Roberto de Mattei, Apologia della Tradizione. Proscritto a Il Concilio Vaticano II. Una storia mai scritta, Lindau, Torino 2011, pp. 164, € 16.00).

sabato 19 novembre 2011

L’IMPORTANZA DELL’ANALOGIA DI PROPORZIONALITÀ E DI ATTRIBUZIONE NELLA TEOLOGIA. Da Gaetano a p. Tyn, da Ferrarense a p. Fabro

 

Introduzione
Nell’antichità pagana la storia del concetto di analogia come “proporzione matematica” o “rapporto di rapporti” (analogia di proporzionalità) ha avuto in Eraclito (+ 480 a. C.) e Parmenide (V sec. a. C.) i suoi precursori. Mentre bisogna attendere Proclo (+ 485 d. C.) per avere la nozione di “un termine con un termine o capacità di recepire l’essere partecipato” (analogia di attribuzione).
● La questione dell’analogia è stata ed è ancor oggi molto dibattuta anche in ambiente tomistico.
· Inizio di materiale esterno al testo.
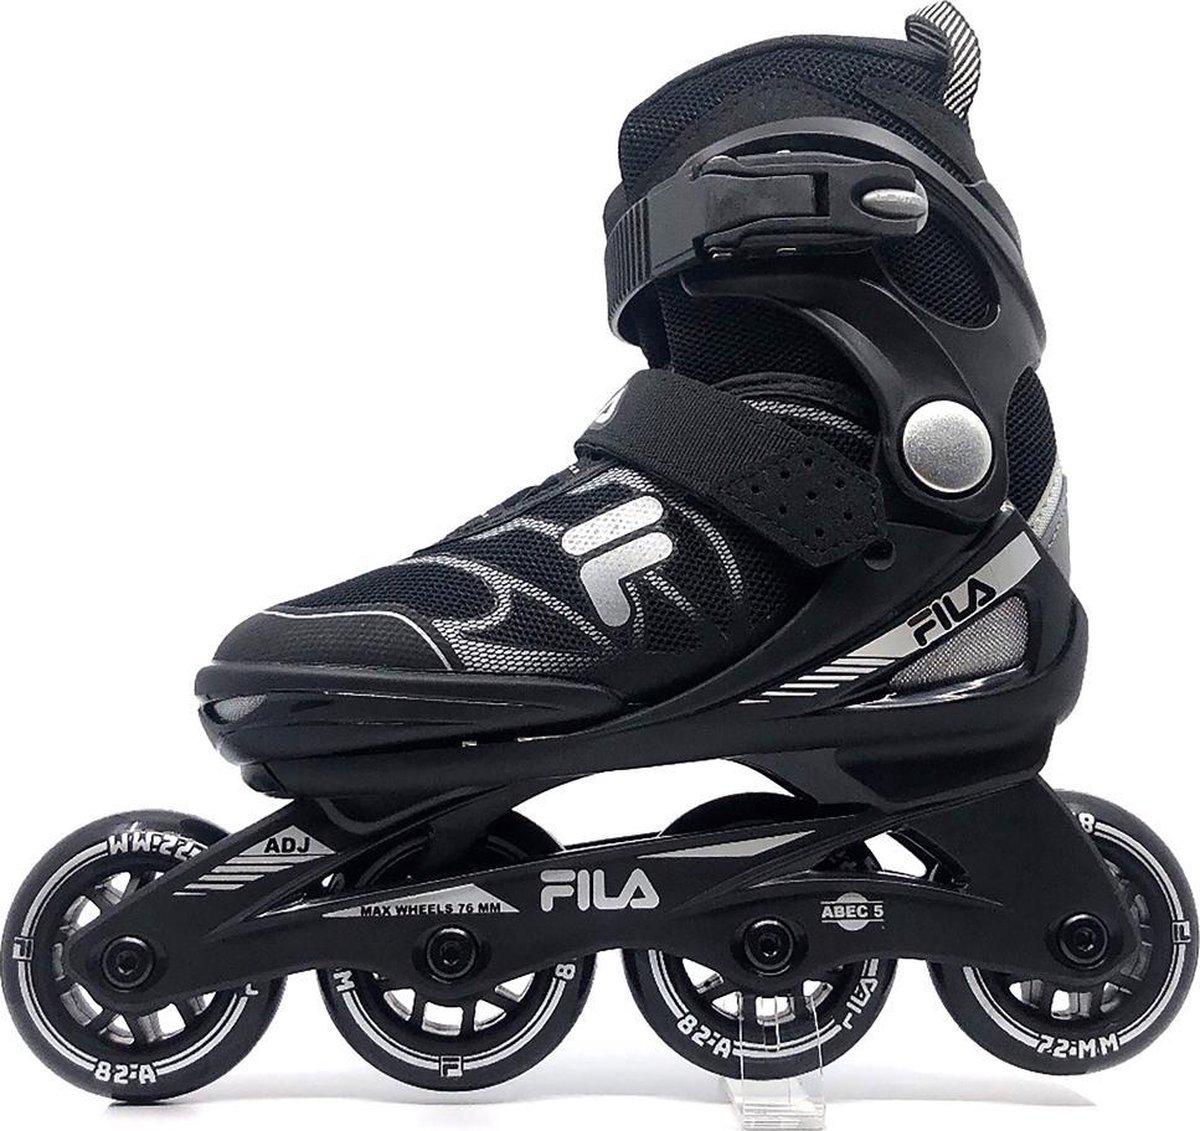 Fila - Verstelbare inline skates - J one - 21' - Maat 28-32 - Zwart - Grijs

L’Angelico l’ha utilizzata ampiamente senza darne una definizione e una divisone esplicita, ma se ne è servito - tramite esempi - soprattutto per poter parlare di Dio senza equivocare (nichilismo teologico o apofatismo) o univocizzare (panteismo). Vi sono sostanzialmente due scuole tomistiche che hanno una diversa concezione dell’analogia: a) quella che va dal Gaetano (+ 1534) sino al p. Reginaldo Garrigou-Lagrange (+ 1964) e al p. Tomas Tyn (+ 1990), e b) quella che va dal Ferrerese (+ 1528) sino al p. Cornelio Fabro (+ 1995), al p. Tito Sante Centi (+ 2011) e al p. Battista Mondin. Inoltre nella IV delle XXIV Tesi del Tomismo (DS, 3604) commissionate il 29 luglio 1914 da S. Pio X al p. Guido Mattiussi, approvate il 27 luglio del 1914 e promulgate il 7 marzo 1916 da Benedetto XV si parla esplicitamente di “analogia di attribuzione” e di “proporzionalità”.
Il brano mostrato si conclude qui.